**Given material:**
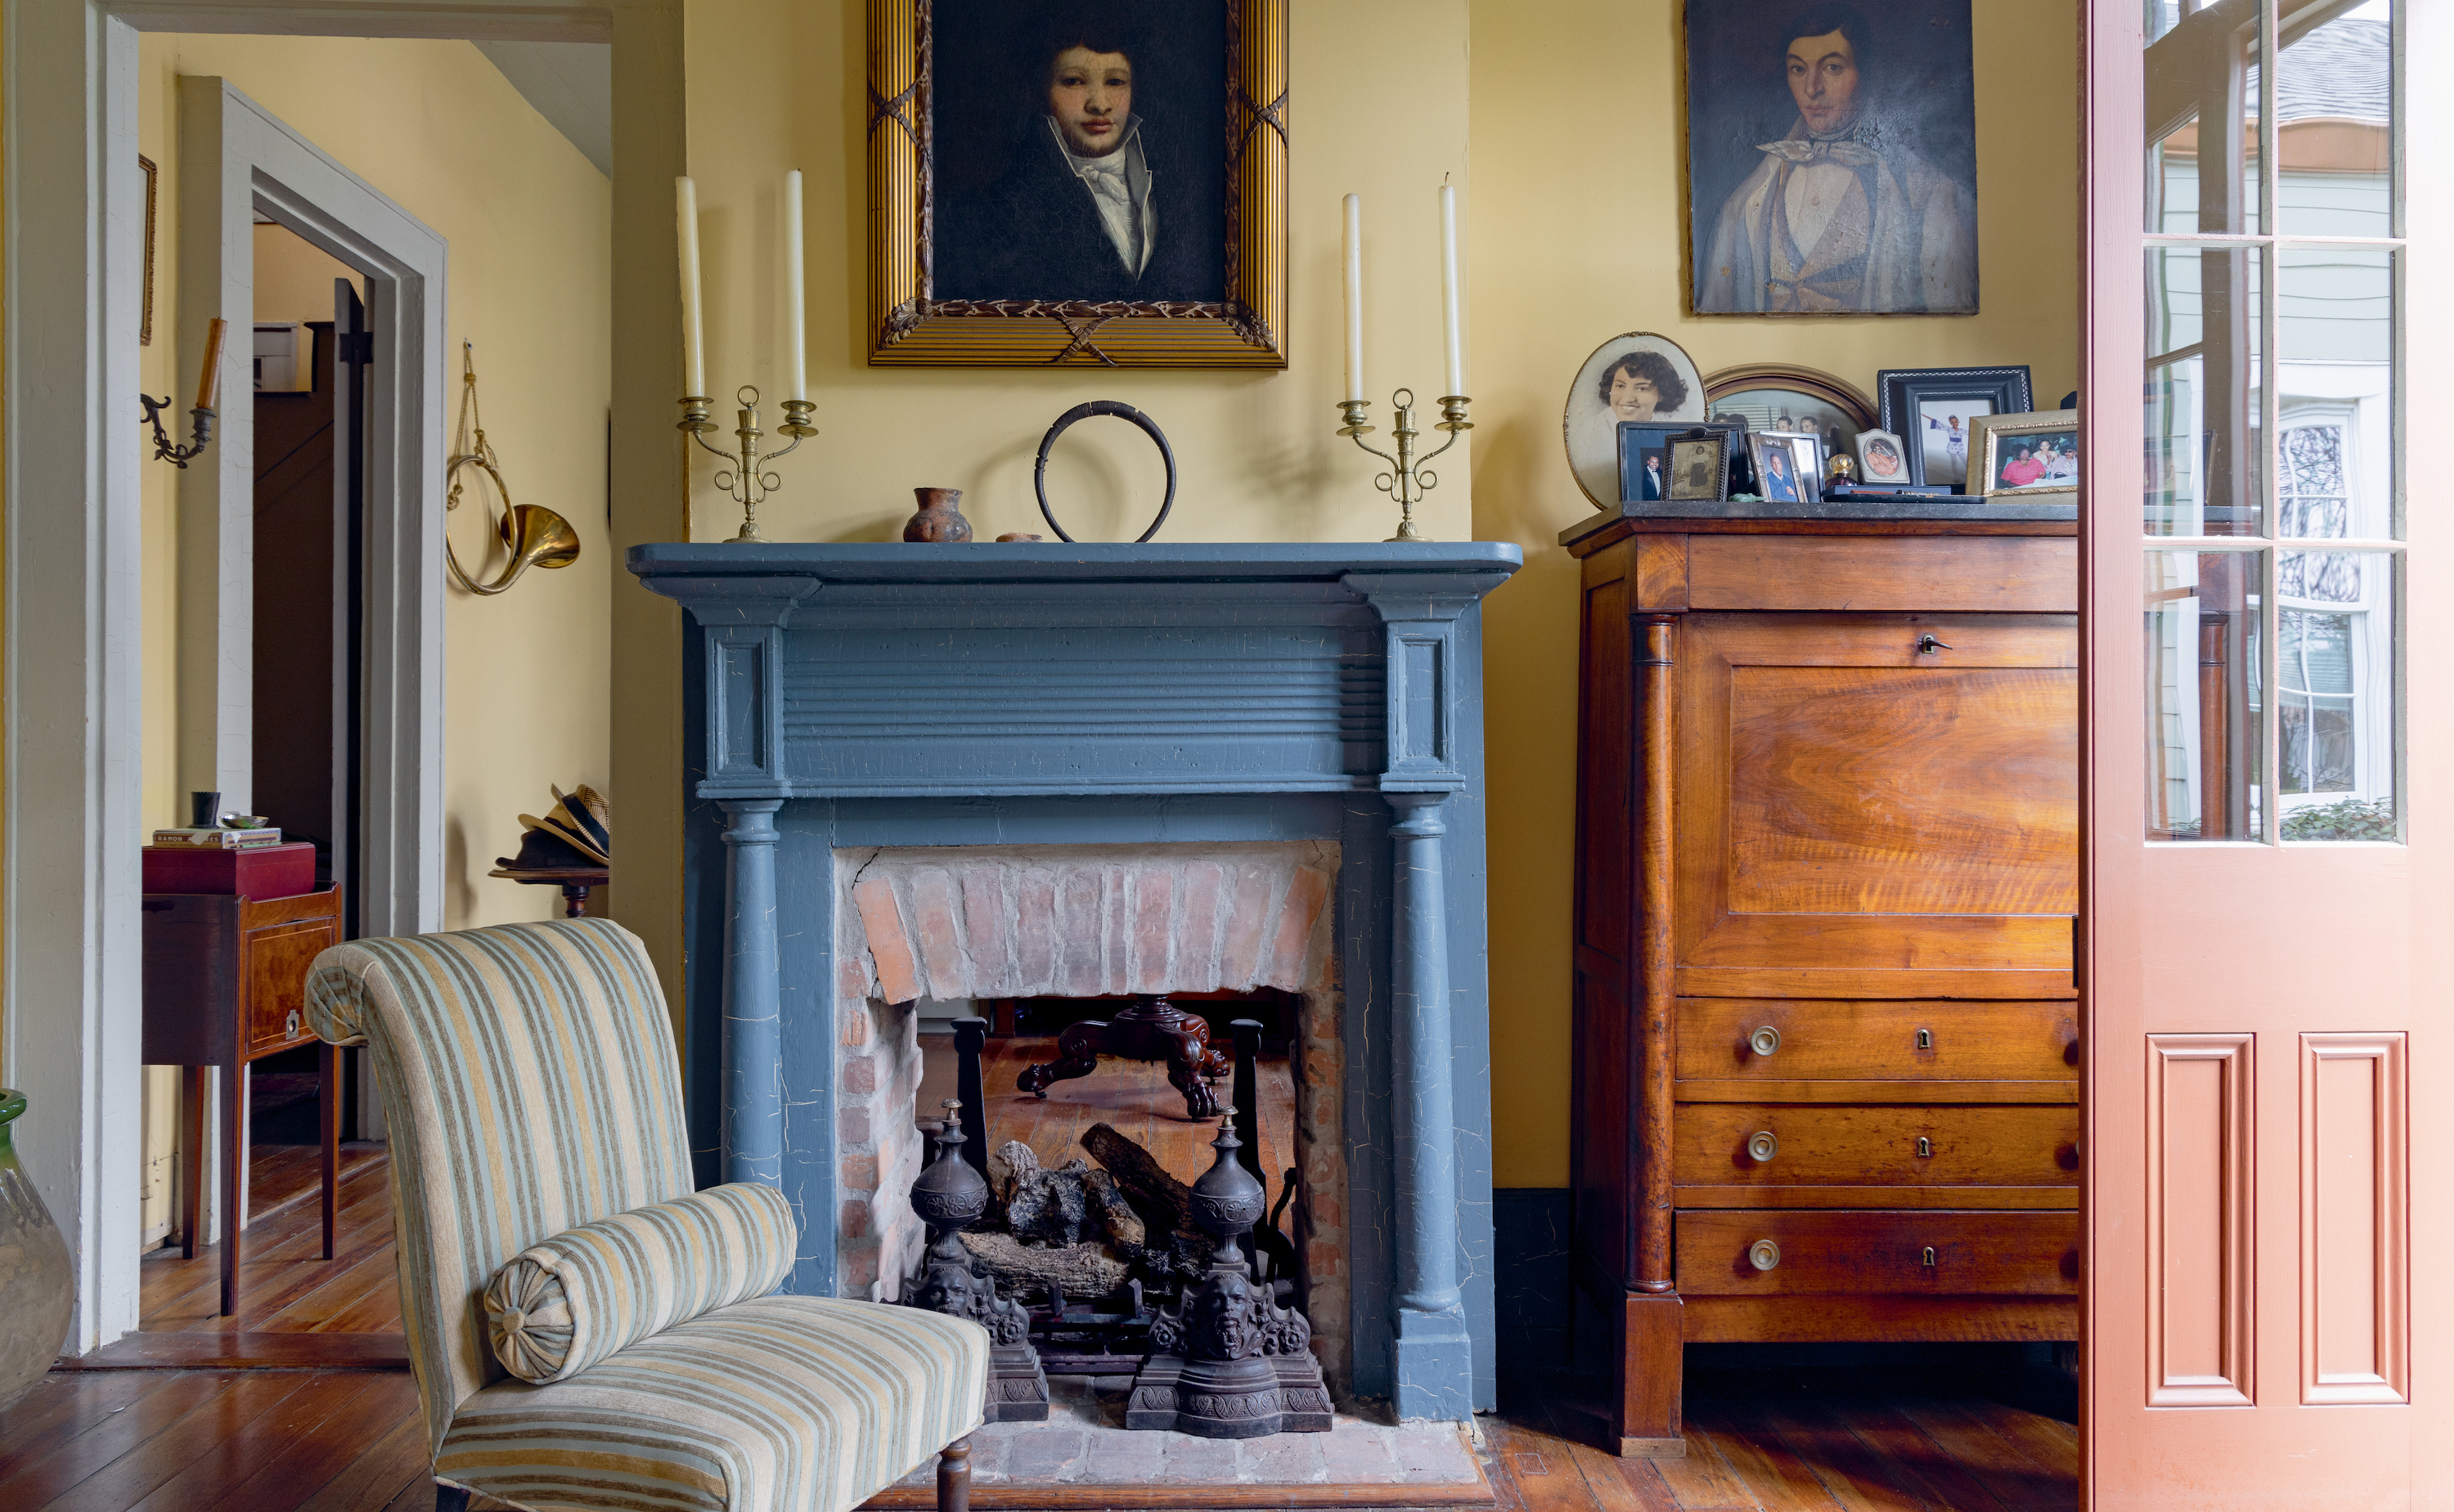 A blue mantle in a butter yellow living room. There are oil portraits of men and candle sticks decorating the room,
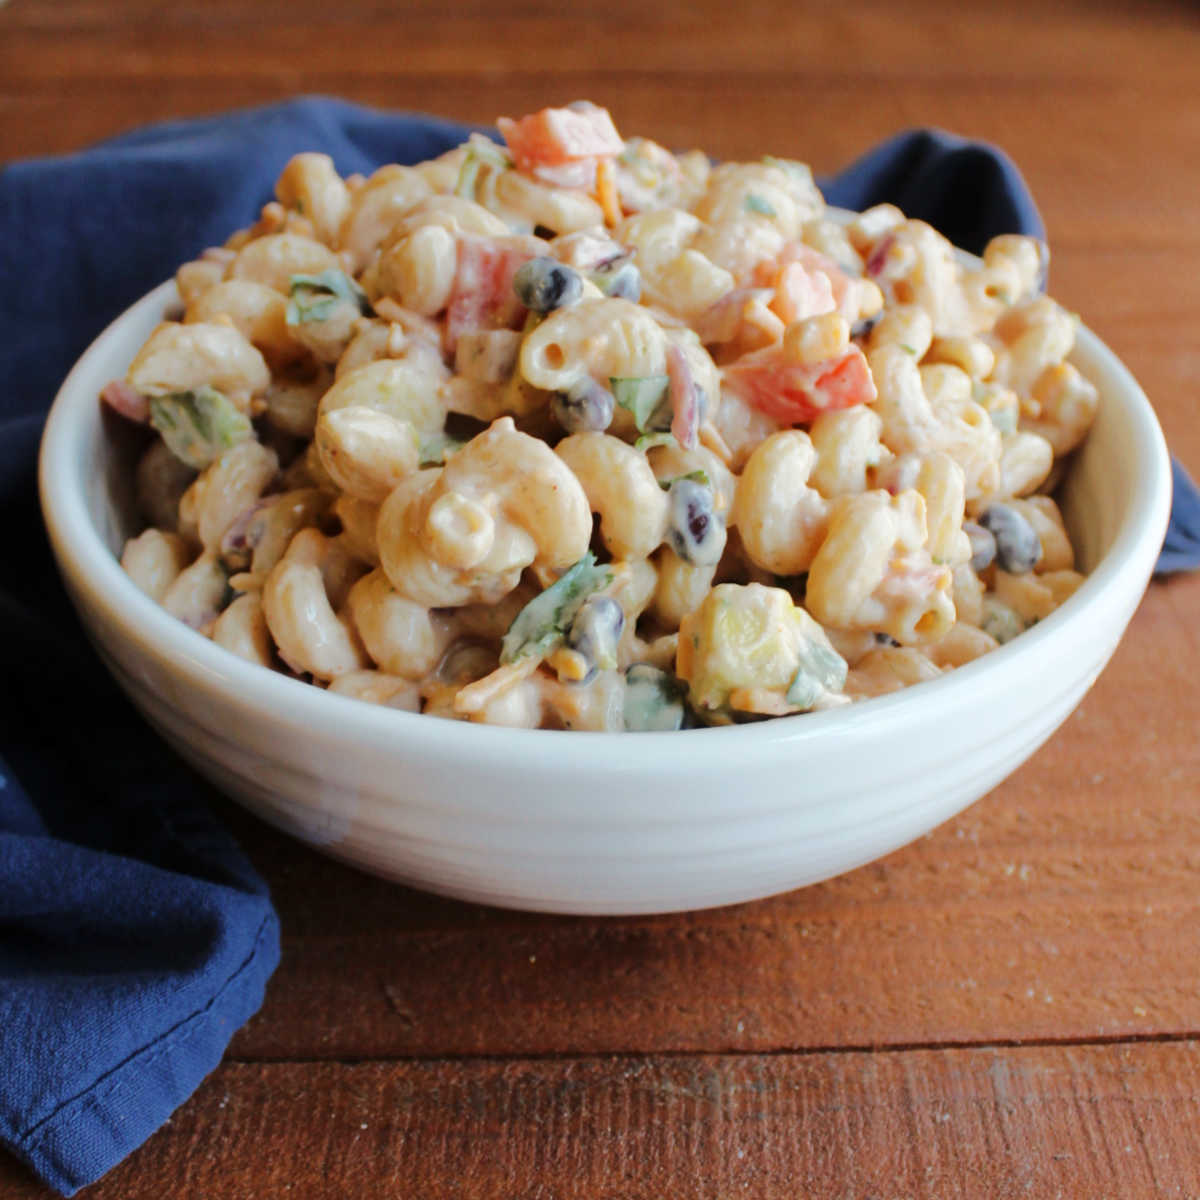 Serving bowl filled with bbq ranch macaroni salad with black beans, tomatoes, corn and more.
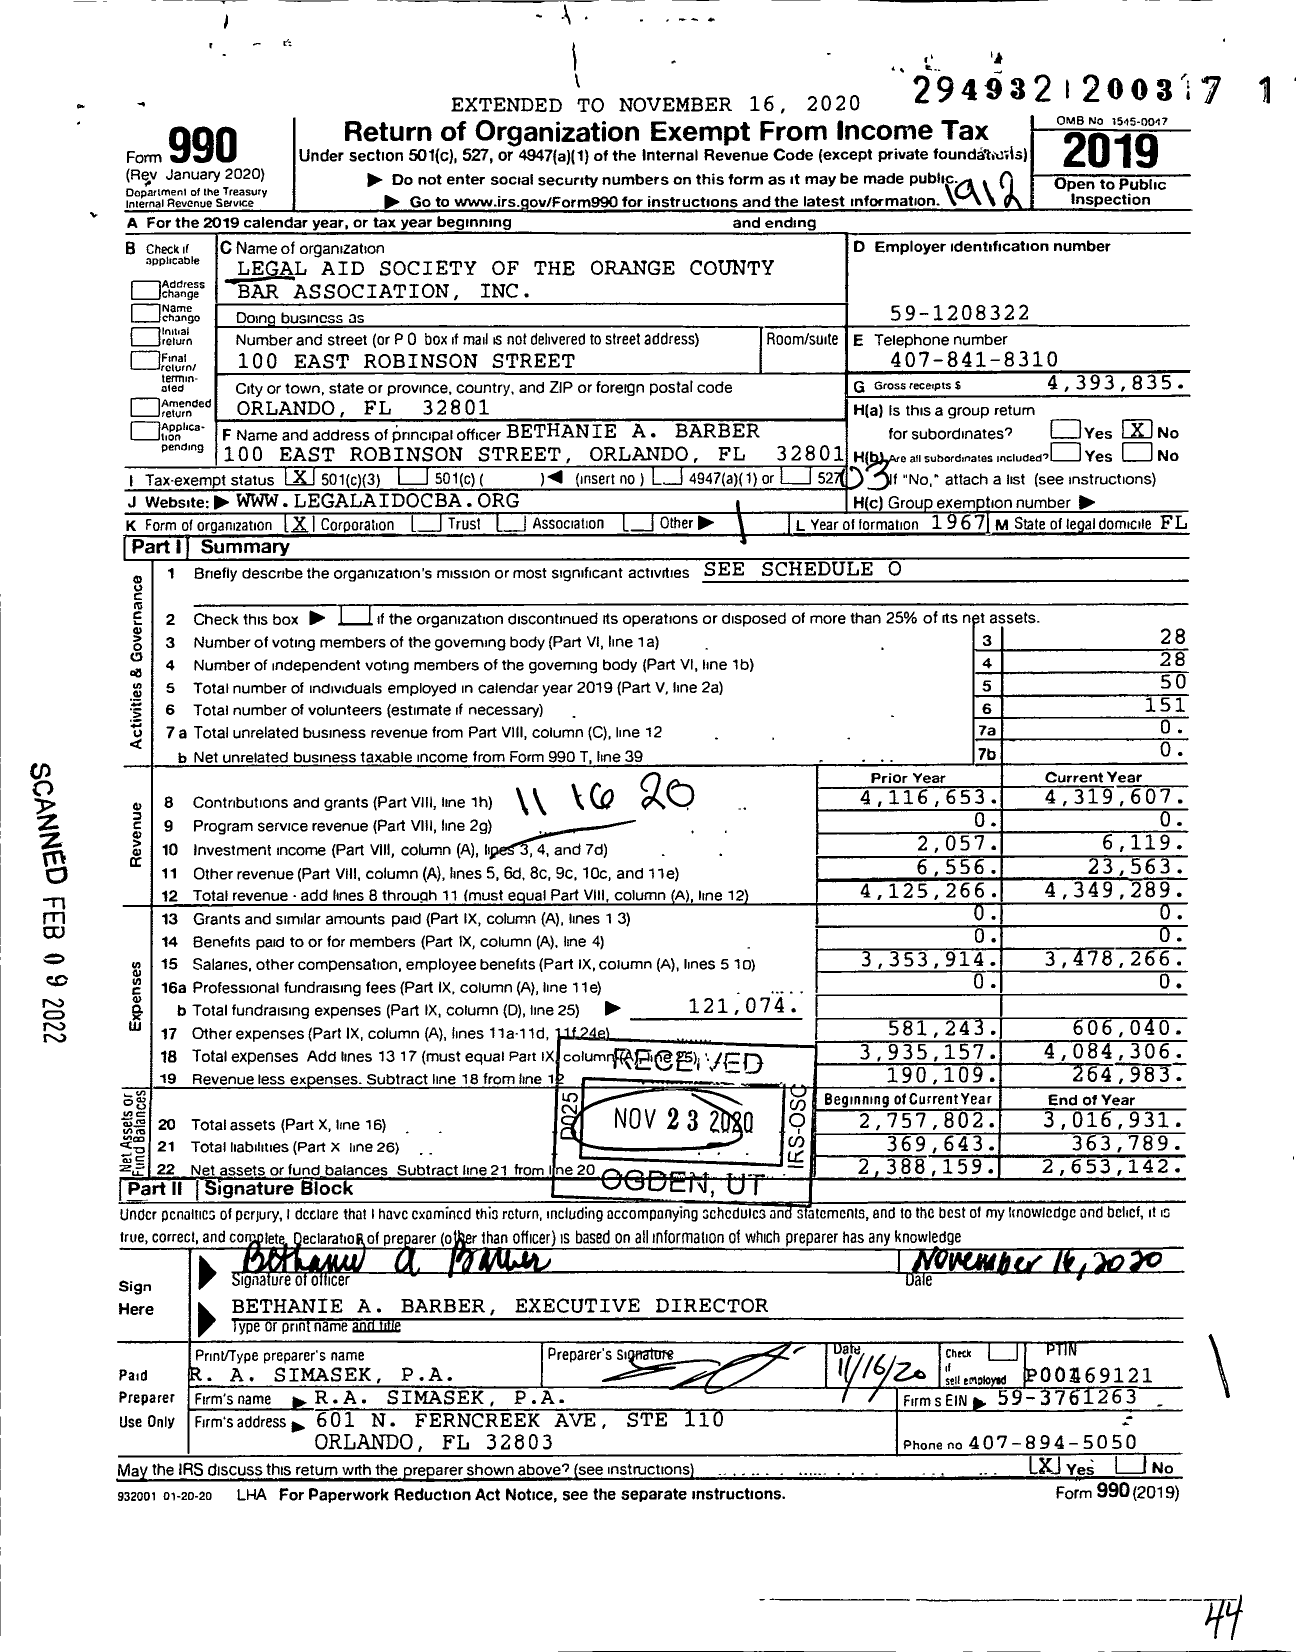 Image of first page of 2019 Form 990 for Legal Aid Society of the Orange County Bar Association

**Problem statement:**
Copy every line of the listing above exactly. Leave each picture out.

**Task output:**
 A blue mantle in a butter yellow living room. There are oil portraits of men and candle sticks decorating the room,
 Serving bowl filled with bbq ranch macaroni salad with black beans, tomatoes, corn and more.
 Image of first page of 2019 Form 990 for Legal Aid Society of the Orange County Bar Association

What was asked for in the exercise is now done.